Lang voor Kneppelfreed - werd in de rechtbanken in Friesland al Fries gesproken. Er waren zelfs griffiers die in hun verslagen Friese getuigen en verdachten in het Fries citeerden. Dat is een van de meest opmerkelijke ontdekkingen die Bastiaan van der Velden deed tijdens het onderzoek voor zijn proefschrift 'Waar gaan wij heen met het Fries?', waar hij gisteren op promoveerde aan de Universiteit van Amsterdam.
Door Sietse de Vries
LEEUWARDEN - Vijf jaar geleden zag Bastiaan van der Velden (34) een advertentie staan waarin iemand werd gevraagd voor een promotieonderzoek naar het gebruik van het Fries in het juridische en bestuurlijke verkeer in de laatste twee eeuwen. Nu is de in Utrecht geboren Van der Velden weliswaar geen Fries, maar hij was aan de universiteit van Maastricht wel afgestudeerd op een studie naar de positie van het Duits als minderheidstaal in België.
Het Fries werd in de rechtspraak pas een kwestie in de jaren vijftig van de vorige eeuw na een fel commentaar van journalist Fedde Schurer in de Friese Koerier over een rechter die had geweigerd Fries te verstaan. Toen Schurer zich later voor de rechtbank in Leeuwarden moest verantwoorden voor zijn als beledigend ervaren artikel leidde dat tot een opstootje op het Zaailand, dat de geschiedenis is ingegaan als Kneppelfreed.
Door krantenverslagen met rechtbankstukken te vergelijken ontdekte Van der Velden dat er aan het eind van de negentiende eeuw al Fries werd gesproken in de rechtbank, zonder dat zulks problemen gaf. Rond 1890 deden journalisten verslag van rechtbankzittingen in de vorm van toneelstukjes met veel dialoog: veel daarvan was in het Fries. Dat week af van de in het Nederlands gestelde rechtbankverslagen, al trof Van der Velden in de officiële stukken soms ook passages aan in fonetisch Fries.
Dat het Fries destijds werd toegestaan, was om de sociaal zwakkeren die alleen Fries spraken te beschermen tegen rechtsongelijkheid.

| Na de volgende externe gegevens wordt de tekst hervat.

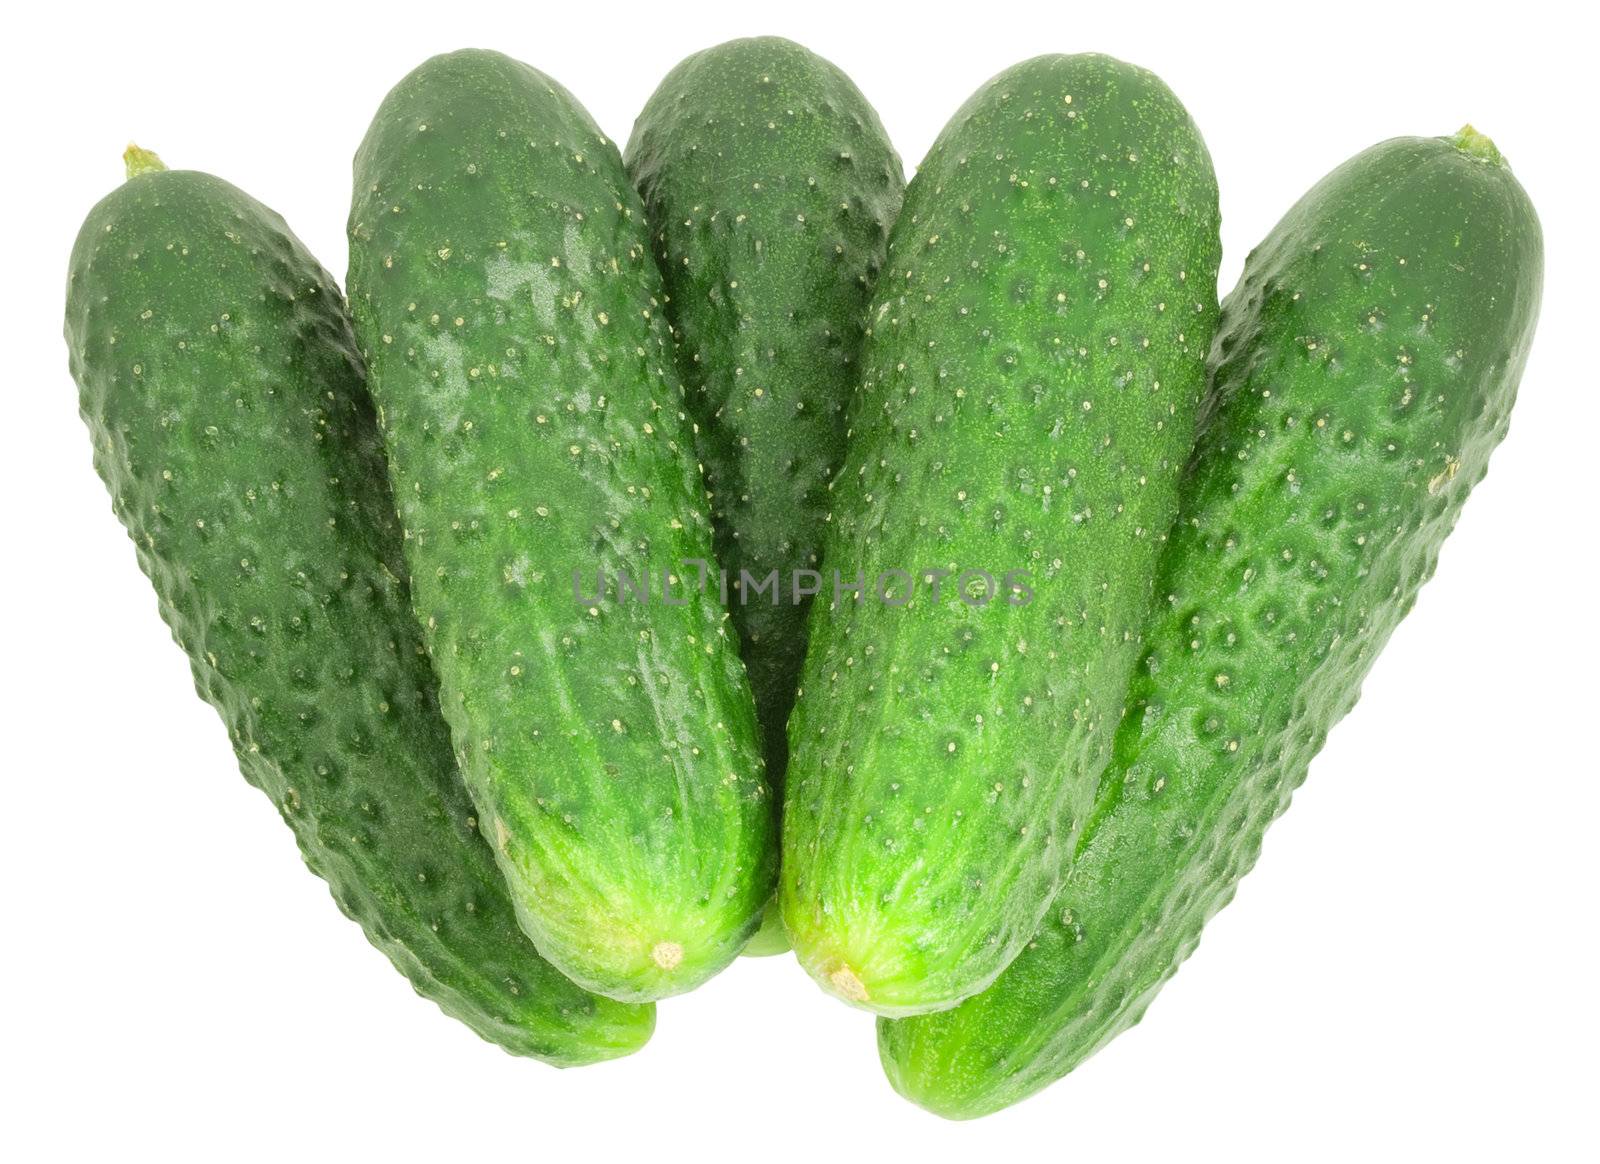 cucumbers by Zloneg

Na Kneppelfreed werd het Fries in de rechtbank niet meer gezien als een sociaal probleem, maar was het onderdeel geworden van een politieke strijd ter versteviging van de positie van het Fries. De ironie wil dat hoe expliciet de rechtbank getuigen en verdachten tegenwoordig ook wijst op het recht om Fries te spreken, slechts zelden iemand daar gebruik van maakt.
Het past volgens Bastiaan van der Velden in een breder patroon. ,,Als je de geschiedenis van het Fries in het juridische en bestuurlijke verkeer bestudeert, krijg je het beeld van voorstanders die het niet lukt om de status quo te doorbreken en van tegenstanders die de aanzet tot verandering geven. Dat gold voor Kneppelfreed, maar ook voor de kwestie van overheidsstukken in het Fries. Pas nadat Cees Spithost uit Burgum Nederlandse vertalingen van Friese stukken van de provincie en de gemeente Tytsjerksteradiel eiste, is er wetgeving gekomen over het gebruik van het Fries door de overheden.''
Ook in het notariële verkeer speelt het Fries nauwelijks een rol, blijkt uit het proefschrift van Van der Velden. Zelfs bij notarissen die het Fries hoog in het vaandel hadden staan, was het aantal akten in de eigen taal minimaal. Zo passeerden bij notaris Wolter Nijenhuis uit Gytsjerk in de eerste tien jaar van zijn carrière (1947-1957) 12 Friestalige akten op een totaal van 1627.